X bv handelt in computeronderdelen en is ondernemer voor de OB. X importeert haar handel voor een groot deel uit Taiwan en Hongkong en exporteert naar landen zowel binnen als buiten de EU. De verkoop naar Spaanse afnemers is de helft van de totale omzet, die in de betreffende jaren gemiddeld € 25 miljoen bedroeg. X heeft met betrekking tot de Spaanse afnemers steeds voorafgaande aan de eerste levering aan de Belastingdienst verzocht om verificatie van de opgegeven btw-nummers. Volgens de Belastingdienst stemmen die gegevens overeen met die van de Spaanse belastingdienst. Na een boekenonderzoek stelt de inspecteur zich op het standpunt dat X bv niet aan de hand van boeken en bescheiden heeft aangetoond recht te hebben op toepassing van het tarief van nihil.

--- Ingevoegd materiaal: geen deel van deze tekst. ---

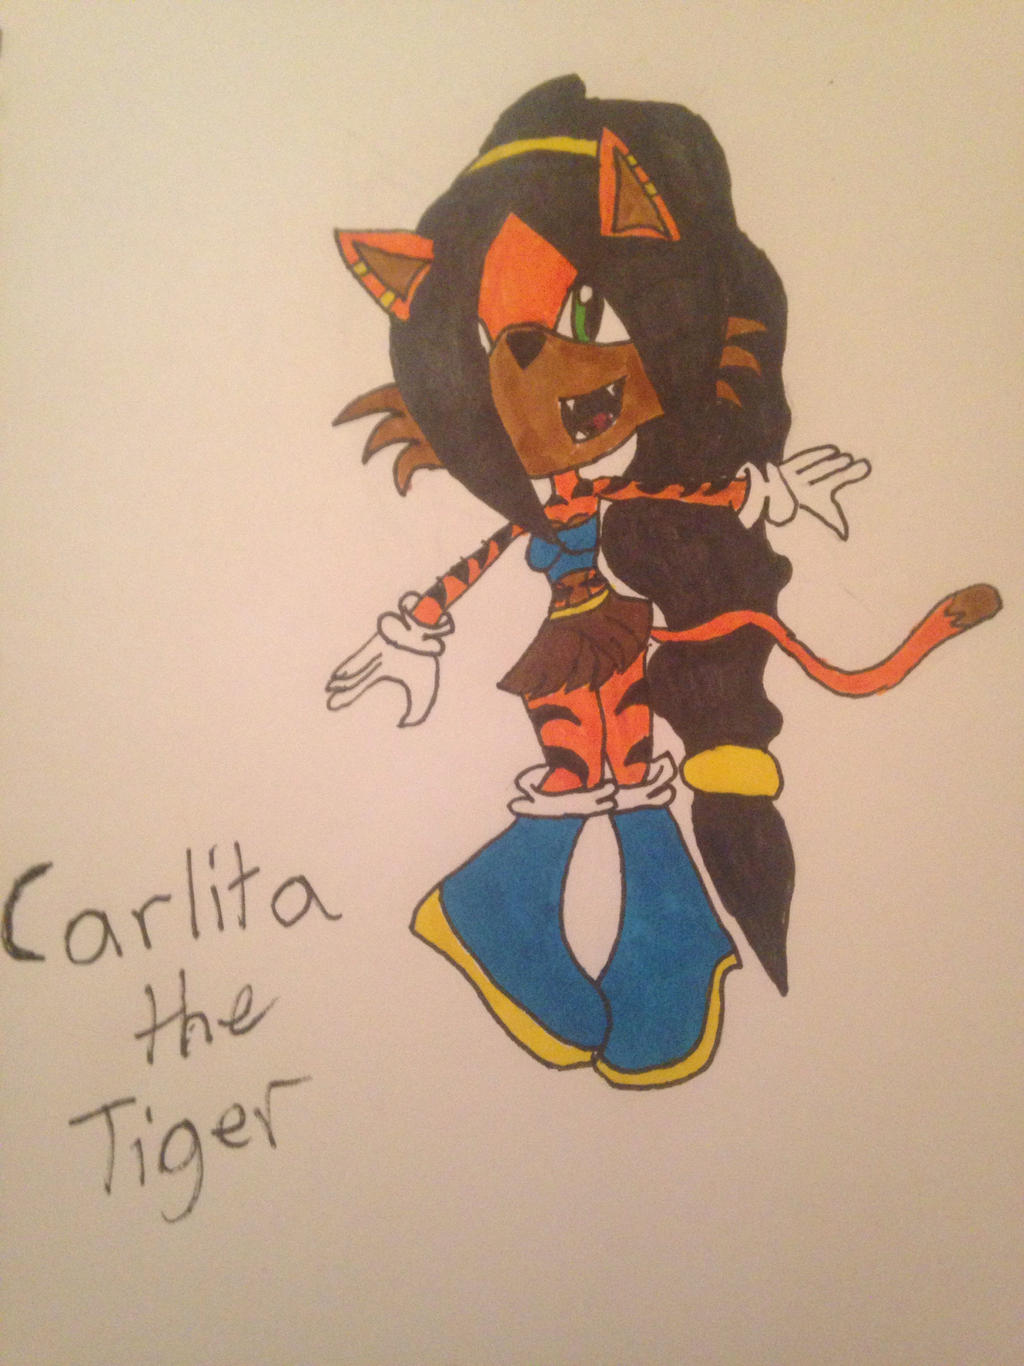 Carlite the tiger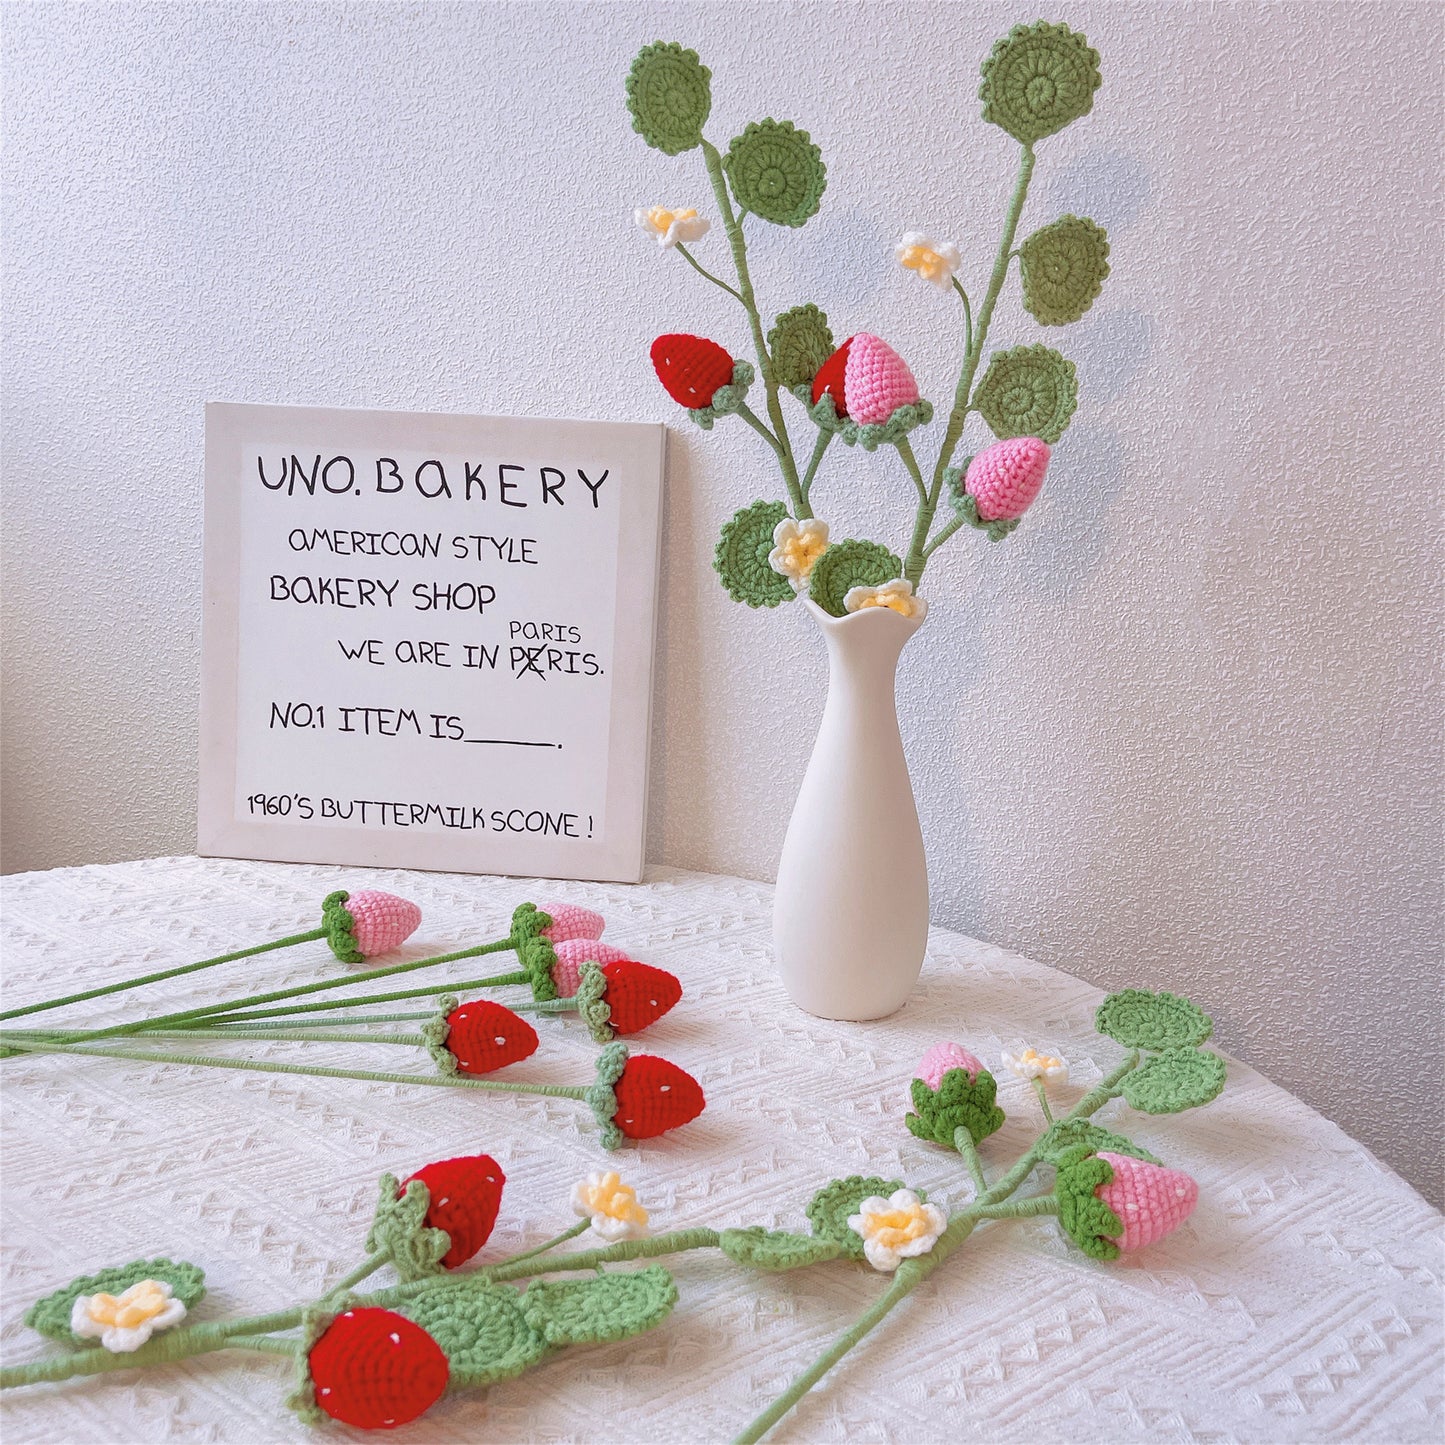 Süße Erdbeerfelder: Handgefertigter gehäkelter Erdbeerpfahl für eine bezaubernde Gartendekoration“

Het hof beslist inzake de al dan niet juiste tenaamstelling in het voordeel van de inspecteur. In een uitvoerig betoog concludeert het hof ten slotte dat X recht heeft op het tarief van nihil. Vervolgens is de vraag aan de orde of recht bestaat op aftrek van voorbelasting. De inspecteur meent van niet omdat X moest weten dat zij deel uitmaakte van een organisatie die zich bezighield met carrouselfraude. Ook hier vangt de inspecteur bot bij het hof: aan de hand van de feiten wordt geoordeeld dat X niet wist of moest weten dat haar leveranciers niet aan hun fiscale verplichtingen voldeden.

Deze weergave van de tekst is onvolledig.